Exercise
Everything from the line with "ES16A系列-用户使用手册-8_01.jpg" to the final line of the entries is to be set down exactly, except the pictures.

+ + + + + + +

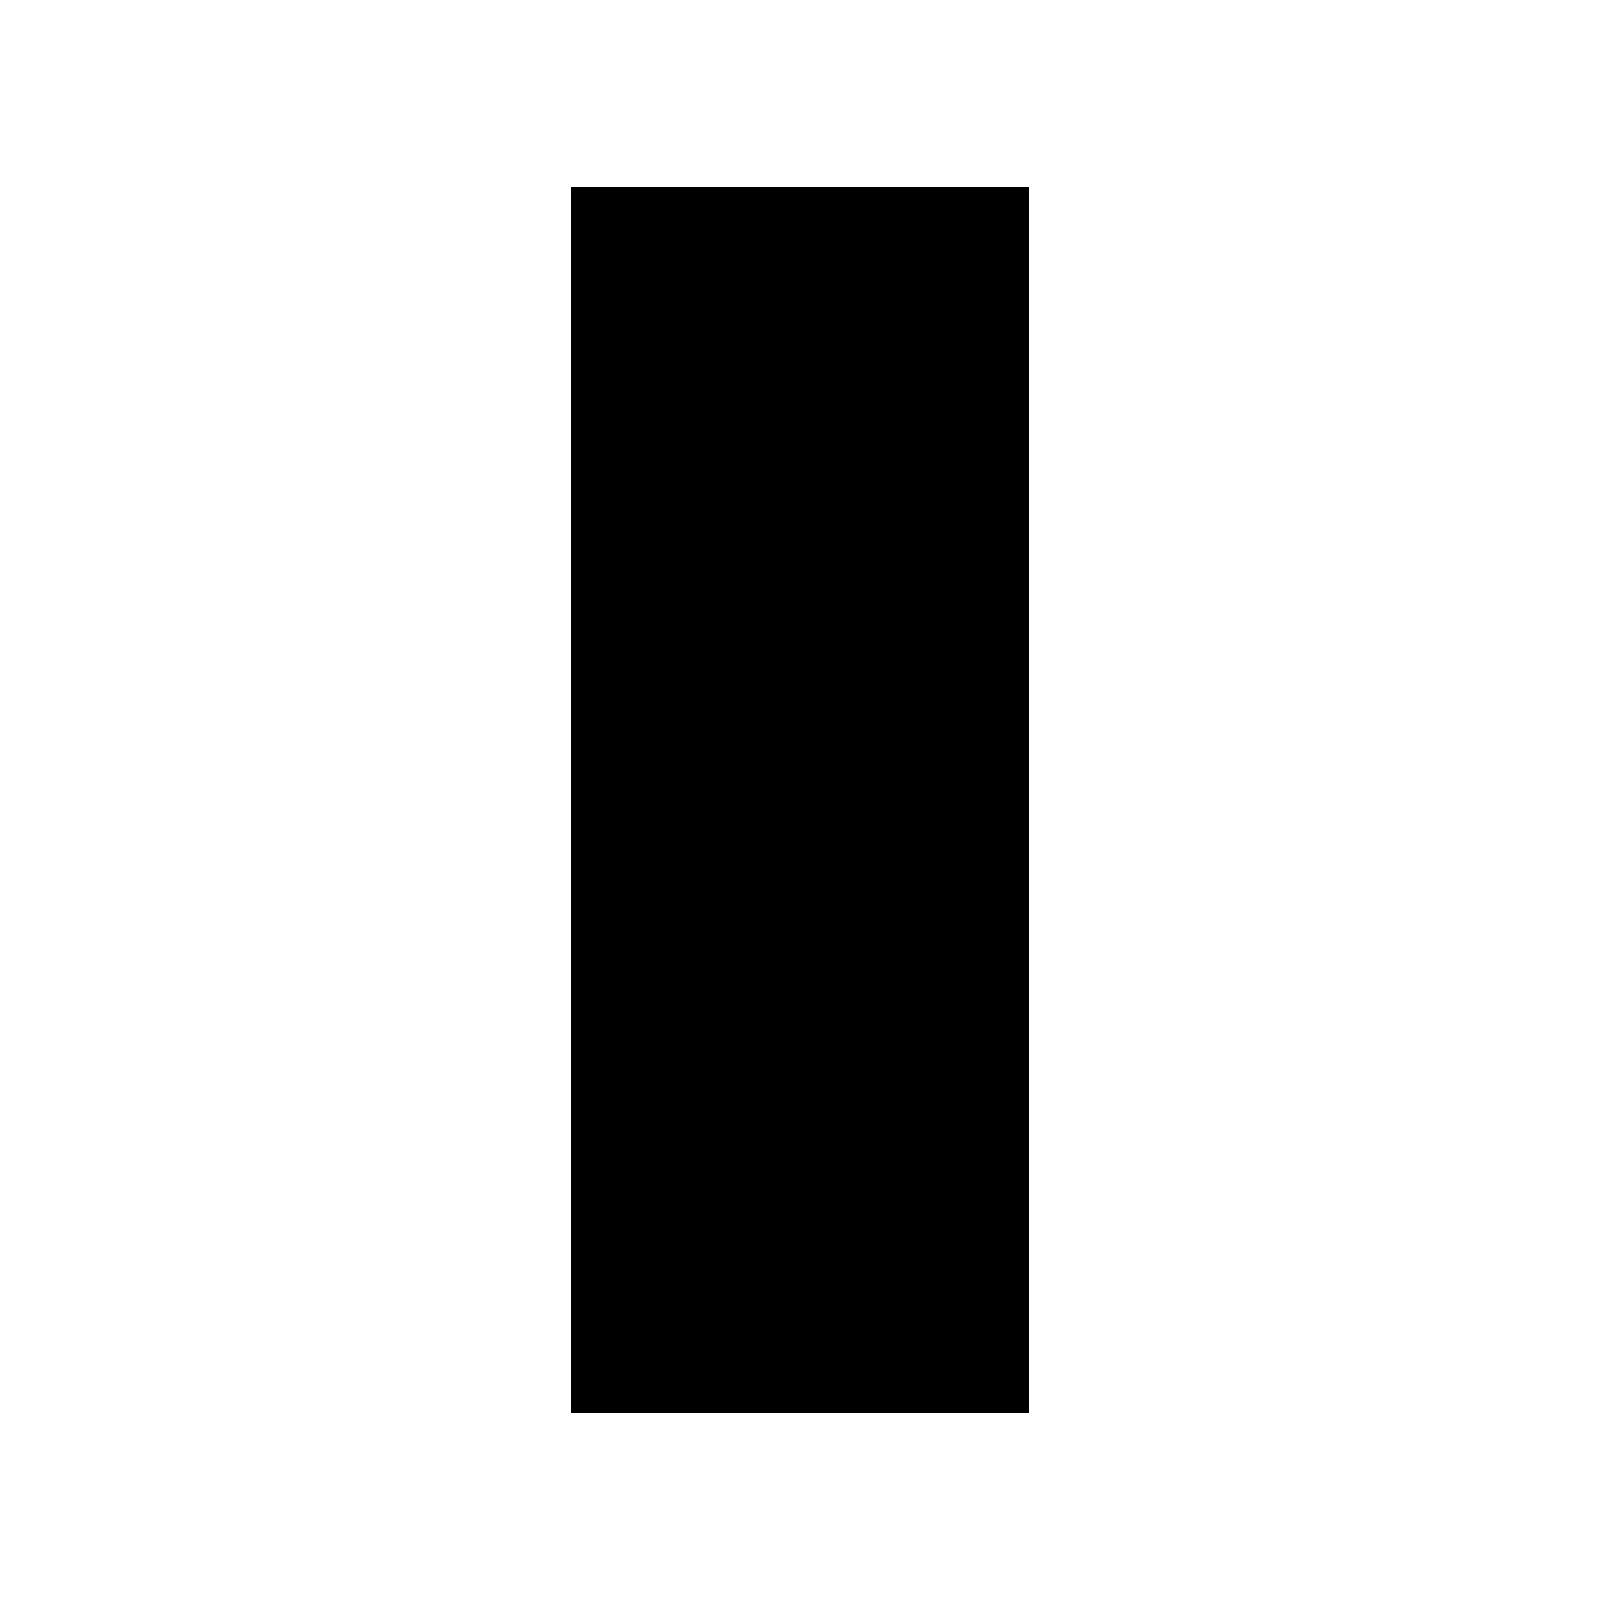 Crystalregal
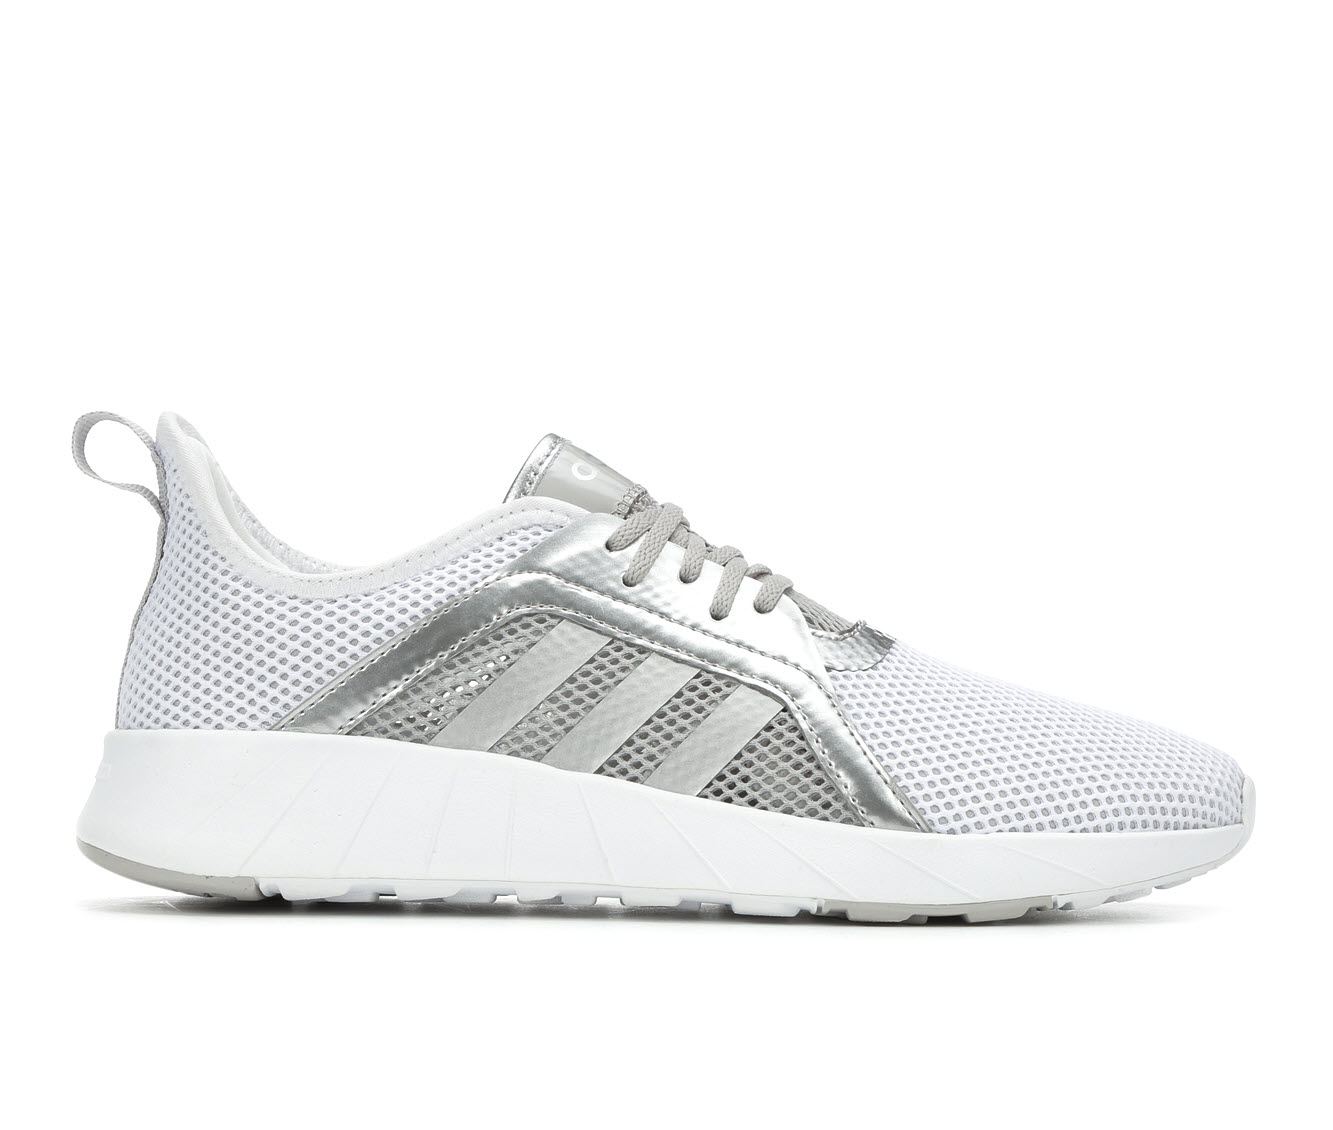 Adidas Khoe Run Women's Athletic Shoe (White)
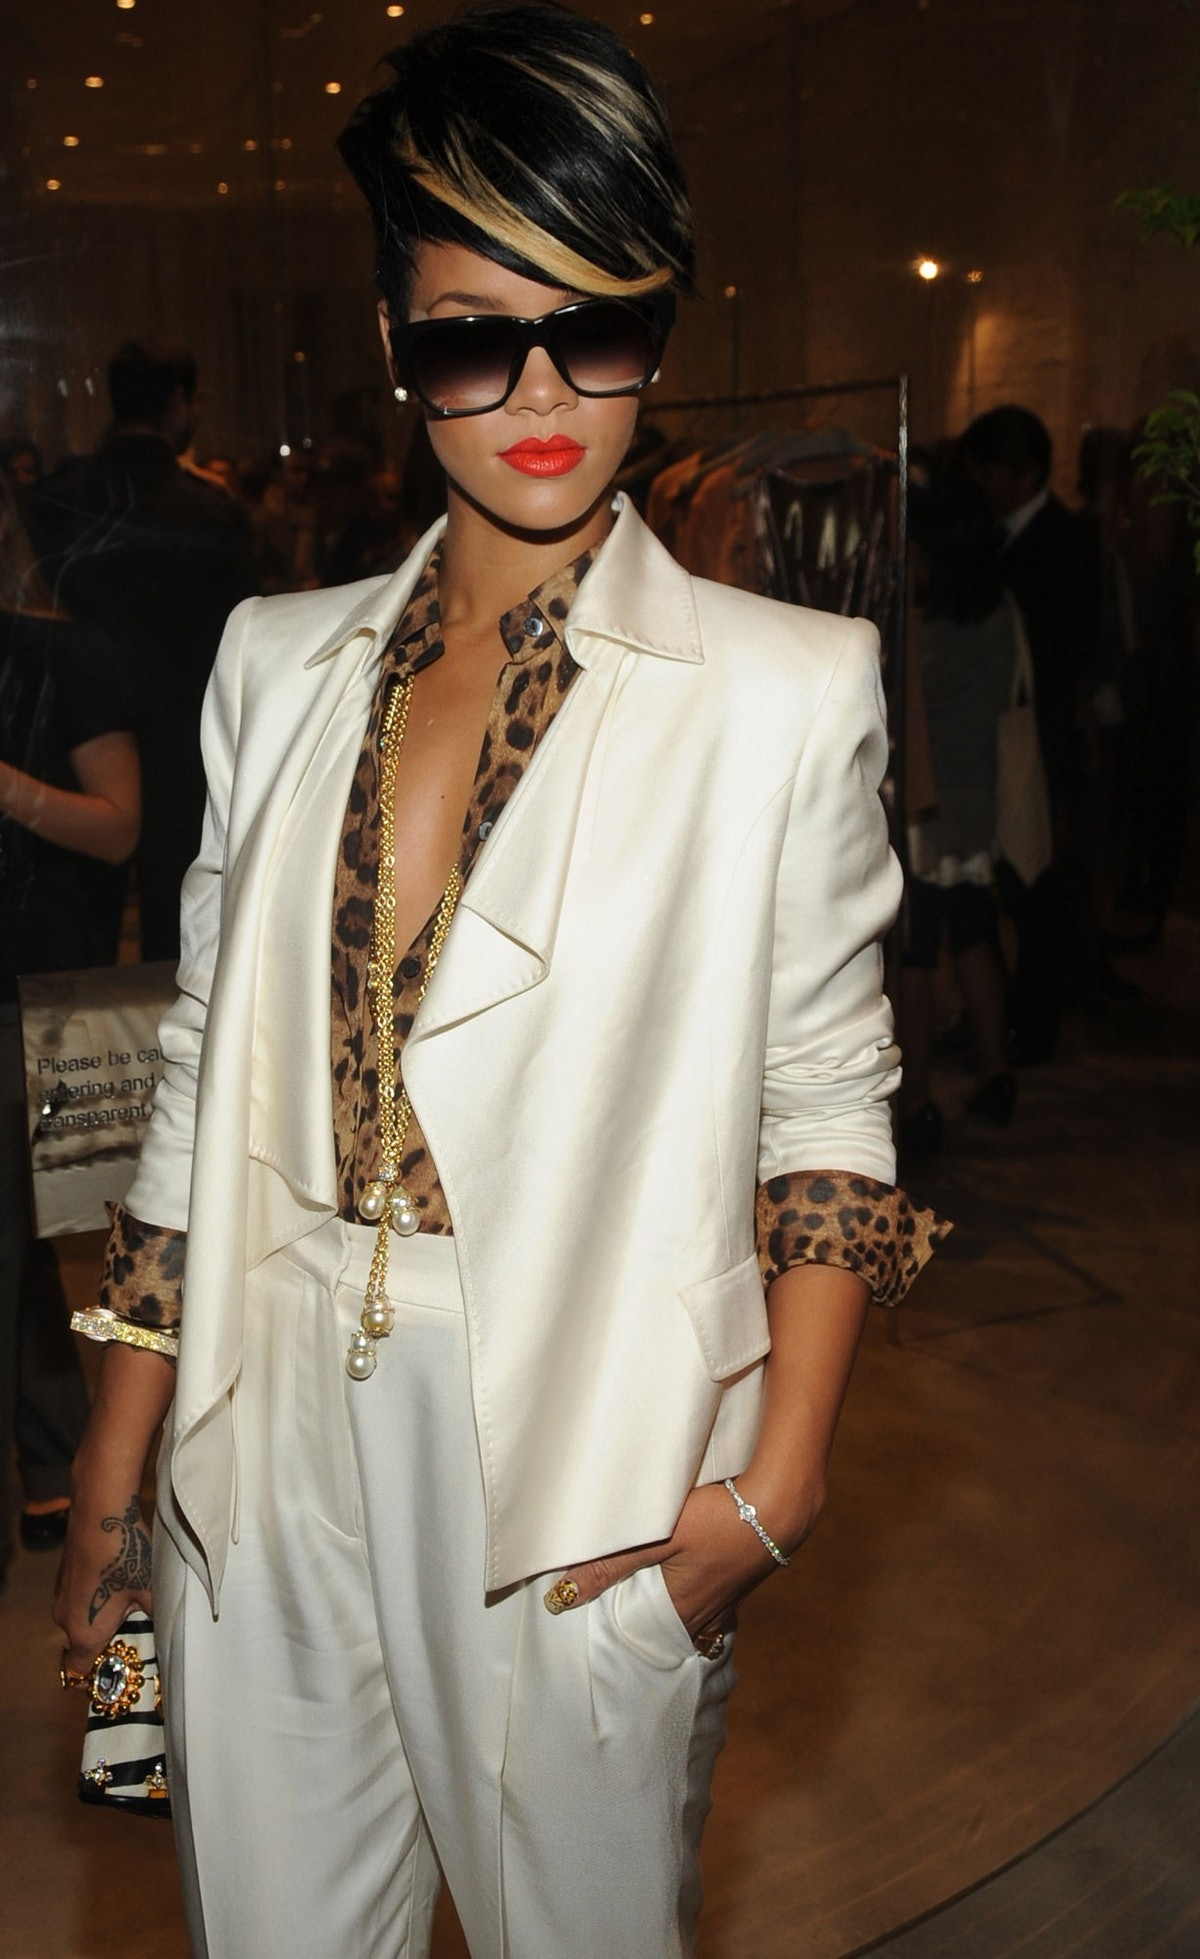 Rihanna. Photo by WWD/Steve Eichner.
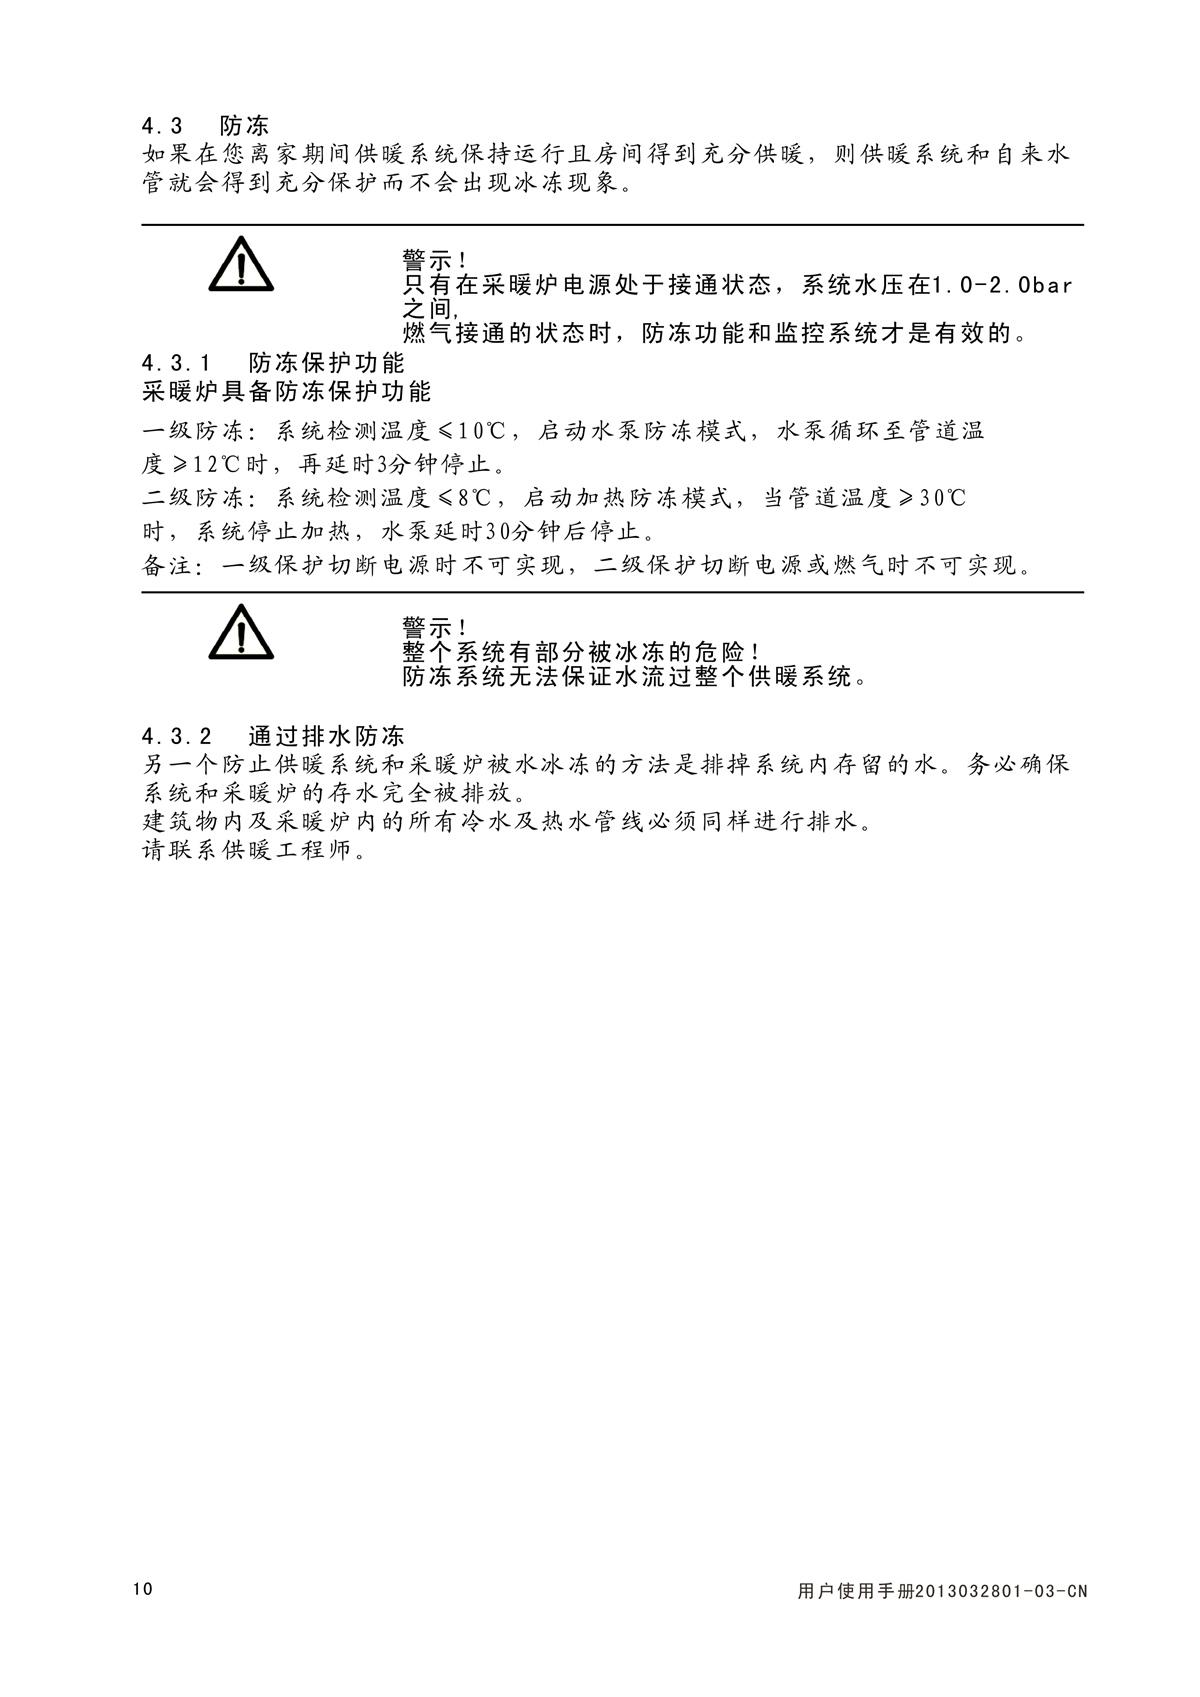 ES16A系列-用户使用手册-8_01.jpg
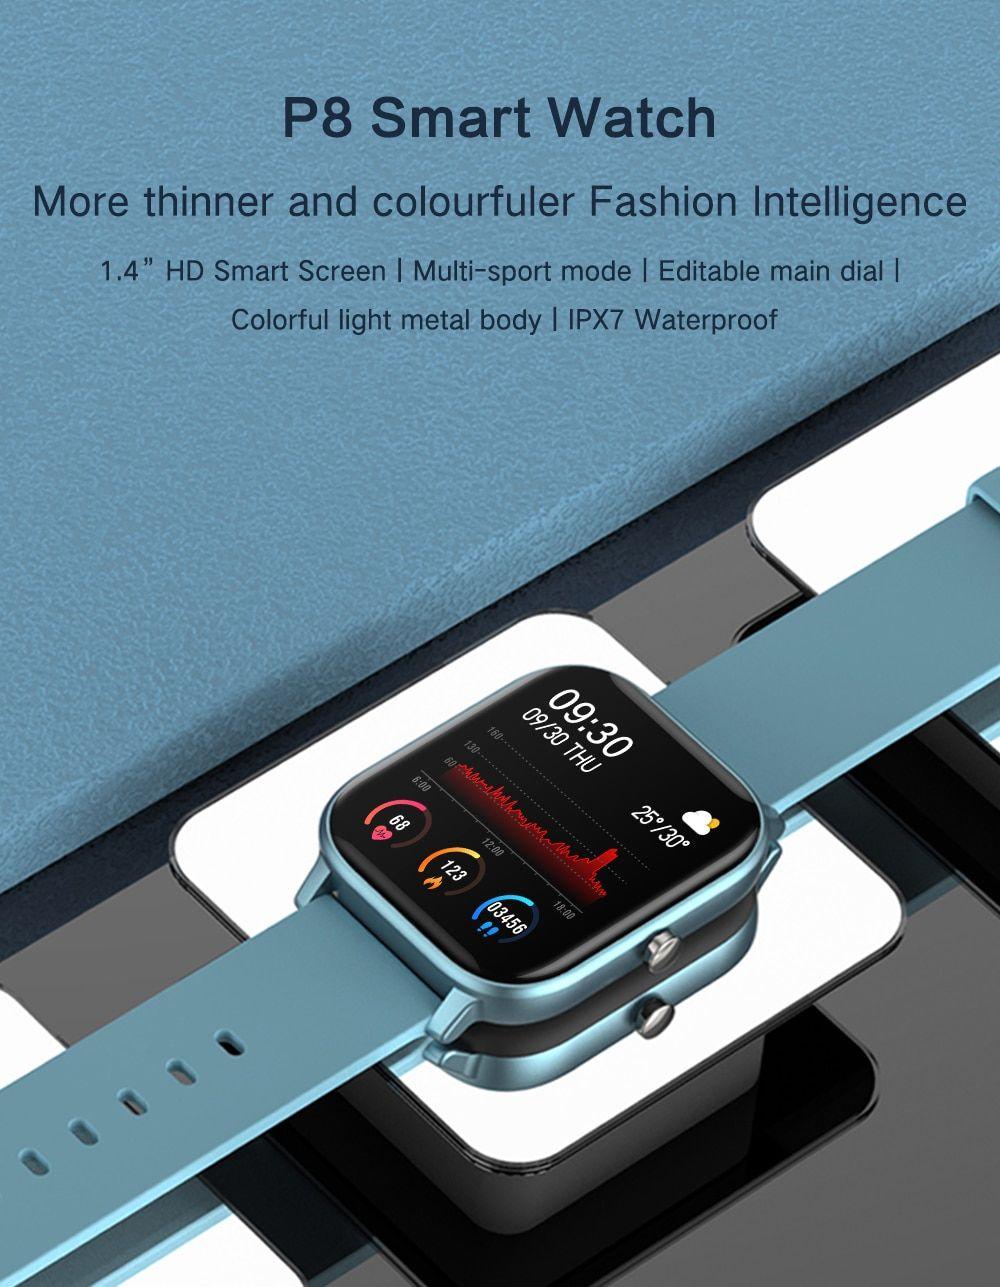 images?q=tbn:ANd9GcQh_l3eQ5xwiPy07kGEXjmjgmBKBRB7H2mRxCGhv1tFWg5c_mWT Smartwatch D 30

+ + + + + + +

Solution
 ES16A系列-用户使用手册-8_01.jpg
 images?q=tbn:ANd9GcQh_l3eQ5xwiPy07kGEXjmjgmBKBRB7H2mRxCGhv1tFWg5c_mWT Smartwatch D 30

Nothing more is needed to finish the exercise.